Die Kernener Sozialamtsleiterin Claudia Bubeck hatte zuletzt alle Hände voll zu tun. Es galt, in Windeseile ein Konzept für die Notbetreuung von Kindern zu erstellen, Anmeldungen zu bearbeiten und die Gruppen einzuteilen. Ganz nebenbei war Bubeck noch fachfremd beim kuriosen Thema Gaskonzession eingespannt. Blieb da noch Zeit für eine vorausschauende Planung der Kita-Plätze? Offenbar ja. Am Kindergartenbedarfsplan, den der Gemeinderat jetzt einstimmig verabschiedet hat, wird deutlich, dass mit langen Wartelisten nicht zu rechnen ist. Nur bei der Schulkindbetreuung in Stetten wird es richtig eng.
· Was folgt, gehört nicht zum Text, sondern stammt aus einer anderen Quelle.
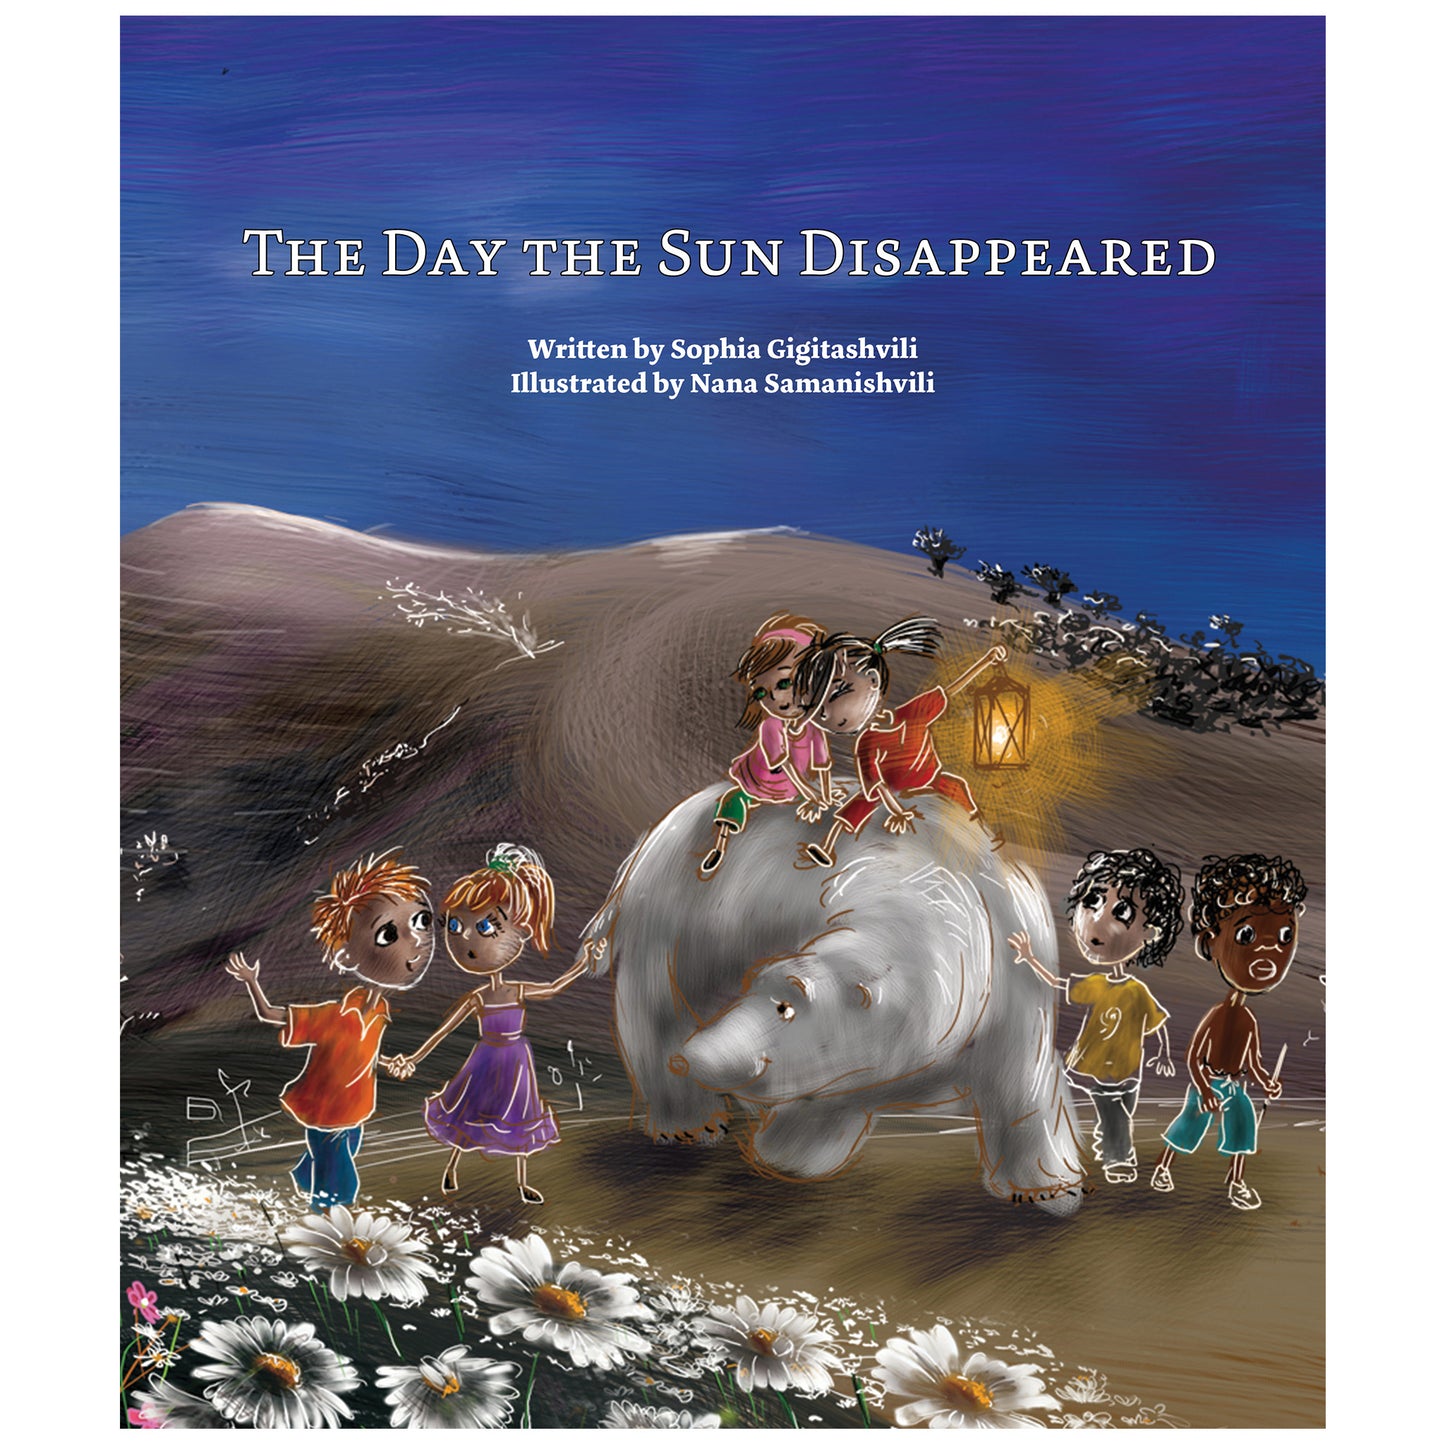 The Day the Sun Disappeared

Die Gemeinde muss reagieren.

Insgesamt werden Kernener Kinder in 42 Gruppen betreut

Die Geburtenzahlen in der Gemeinde sind seit Jahren stabil. Für das kommende Kindergarten- bzw. Schuljahr plant die Gemeinde mit insgesamt 42 Betreuungsgruppen. Darunter sind acht Kleinkindgruppen (1 bis 3 Jahre), 26 Kindergartengruppen (3 bis 6 Jahre) und acht Gruppen, in denen Schulkinder betreut werden. Die Frage, die sich Bubeck und ihr Team im Rathaus jedes Jahr aufs Neue stellen müssen, lautet: Reichen diese Gruppen aus, um den Bedarf zu decken? Schließlich haben Eltern einen gesetzlichen Anspruch auf die Betreuung ihrer Kinder. „Bis jetzt konnten wir immer eine Lösung finden“, sagt Bubeck. Das wird wohl auch in den kommenden Jahren gelingen.
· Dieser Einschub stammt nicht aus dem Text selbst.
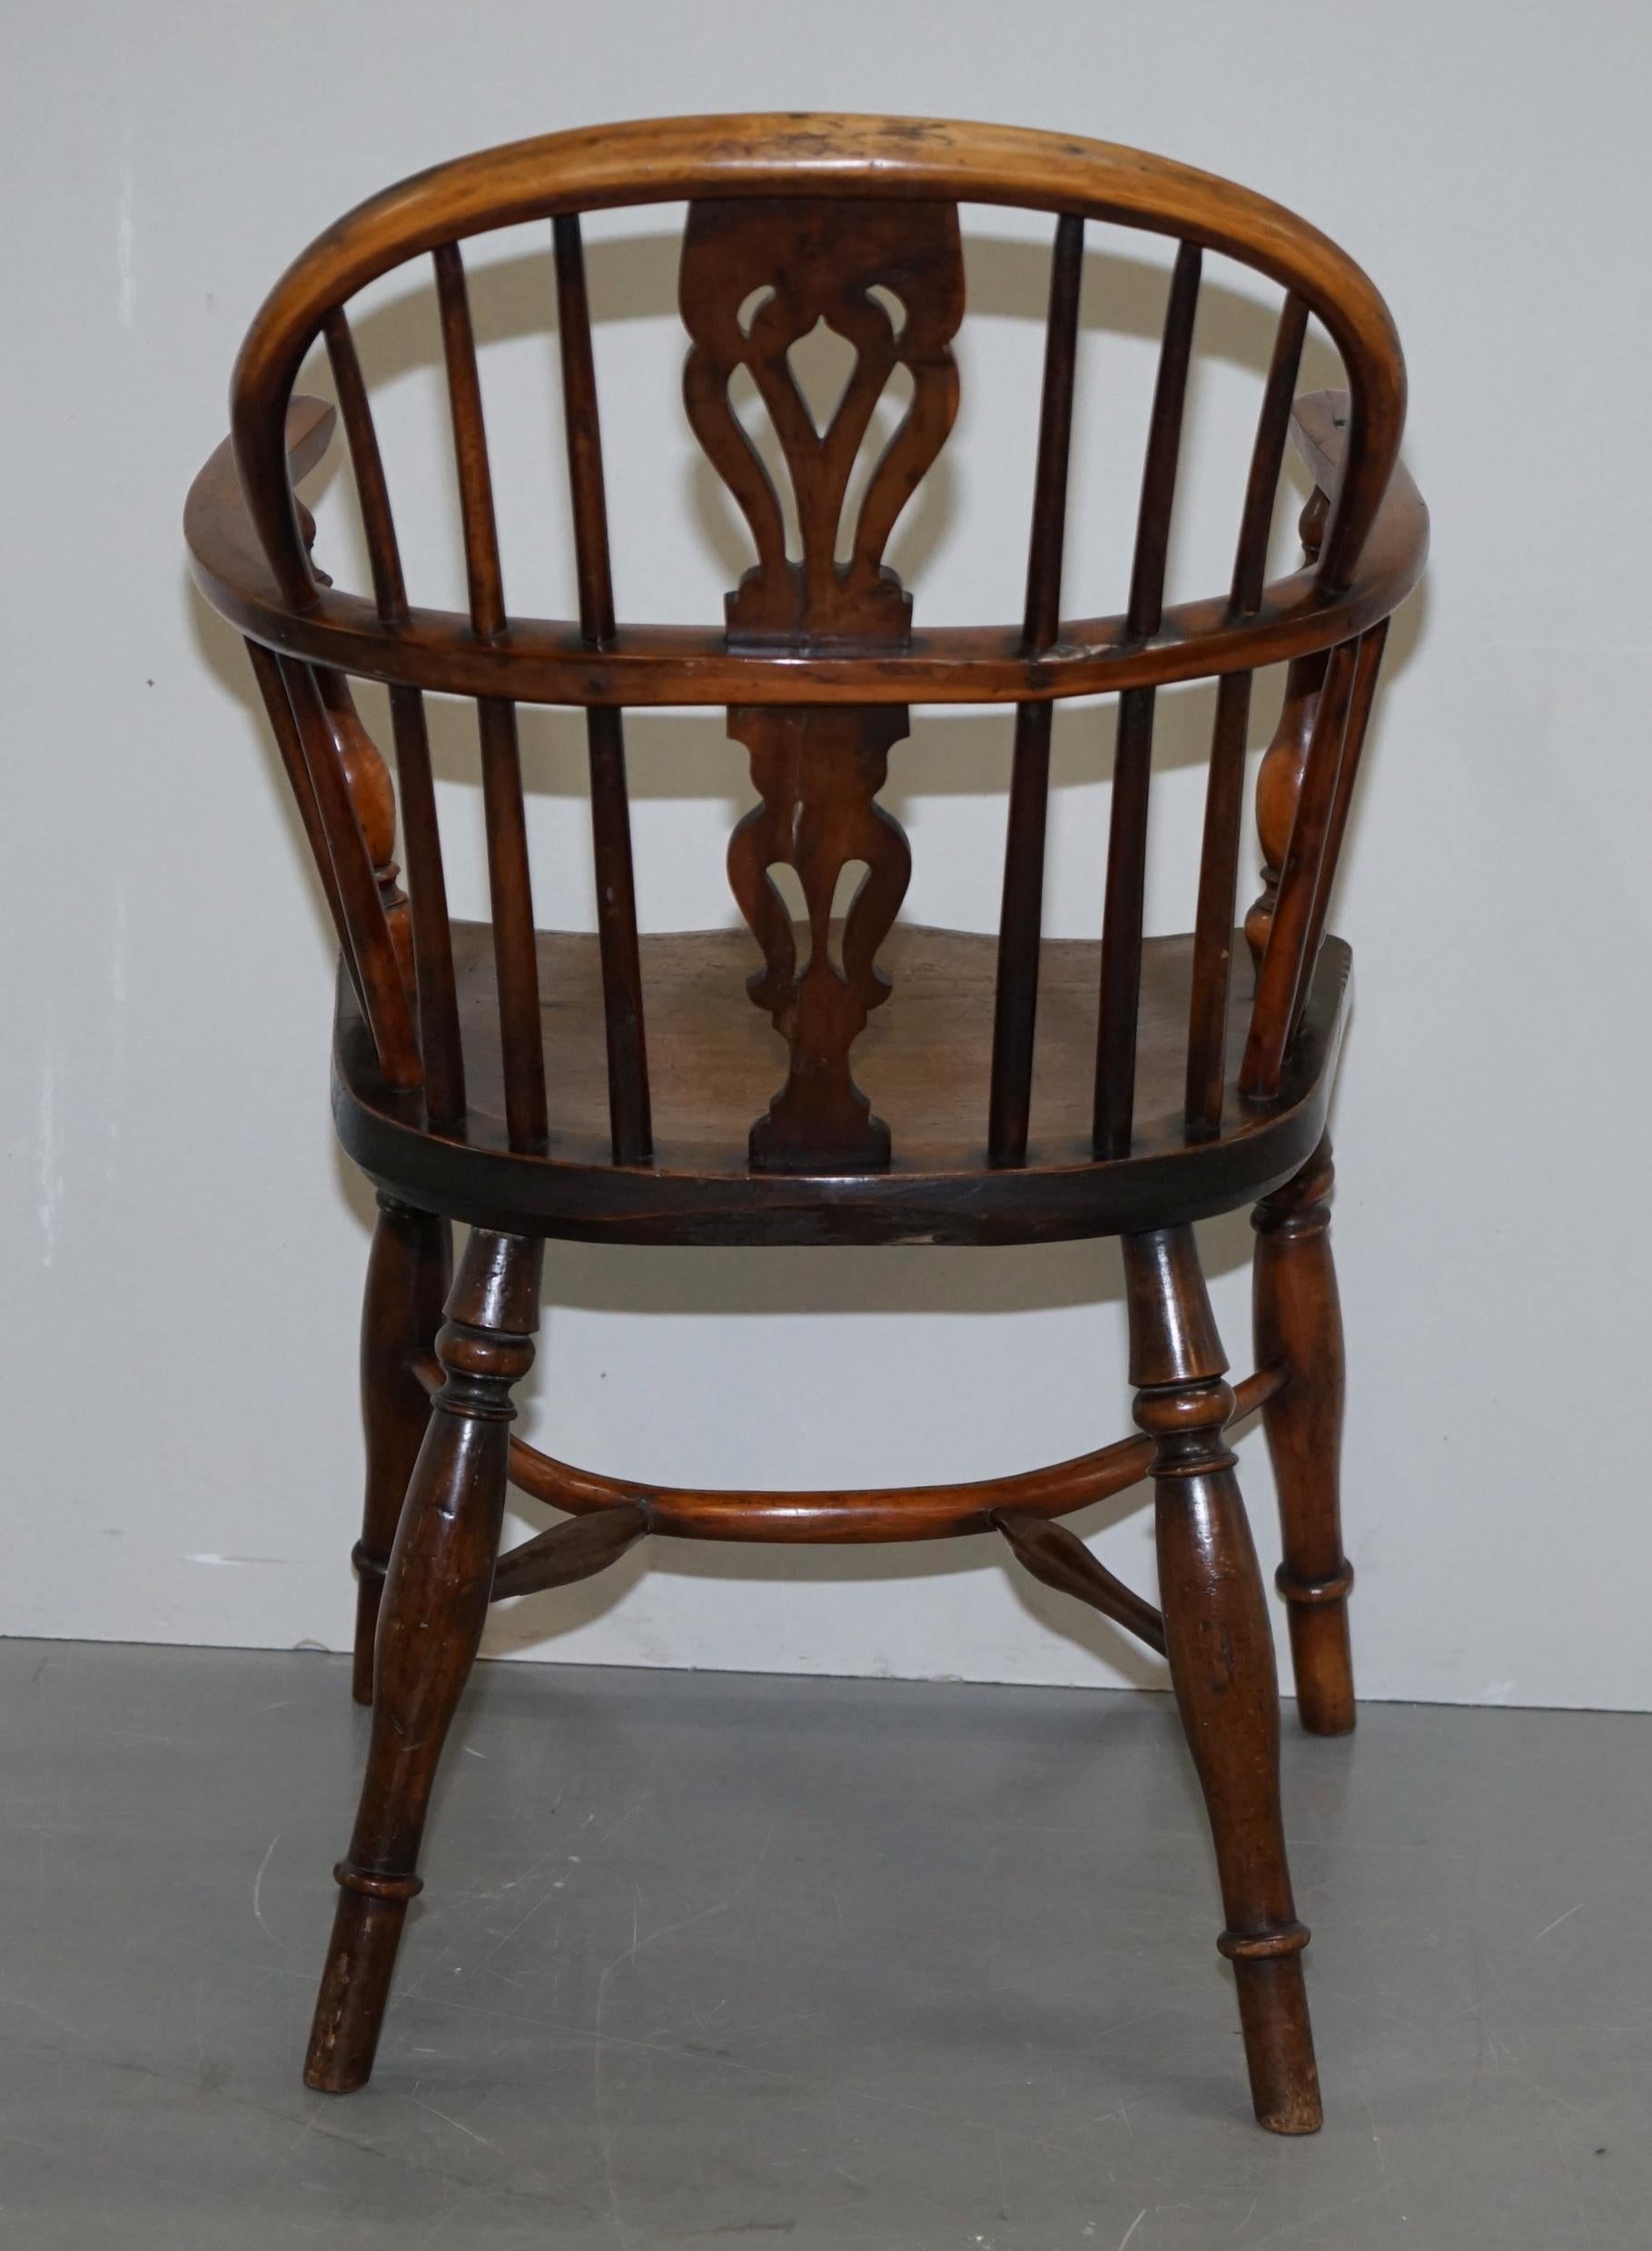 1 of 6 Burr Yew Wood Windsor Armchairs circa 1860 English Countryhouse Furniture For Sale 8

In Rommelshausen gibt es im Kindergartenbereich voraussichtlich noch einen Puffer von 20 freien Plätzen, wenn Anfang 2021 die millionenschwere Erweiterung des Kindergartens Pezzettino in der Blumenstraße abgeschlossen ist. Schon in der Vergangenheit hatten die Verantwortlichen keine große Mühe, alle Kinder unterzubringen, was laut Bubeck an „vorausschauender Planung“ lag.

In Stetten ist die Lage nicht ganz so entspannt

In Stetten ist die Lage nicht ganz so entspannt. Hier fehlen nach den aktuellen Berechnungen bei maximaler Belegung neun Plätze für das Kindergartenjahr 2020/21. Sozialamtsleiterin Claudia Bubeck ist allerdings zuversichtlich, dass dennoch alle Kinder untergebracht werden können. Zum einen hofft die Gemeinde in Abstimmung mit dem Kreisverband Jugend und Soziales, dass eine Aufstockung der Gruppe im Kinderhaus Alte Schule möglich ist, zum anderen schicken mehr Eltern in Stetten als in Rommelshausen ihre Kinder in den Waldkindergarten. In die Prognose fließen allerdings für beide Ortsteile jeweils zehn Plätze ein.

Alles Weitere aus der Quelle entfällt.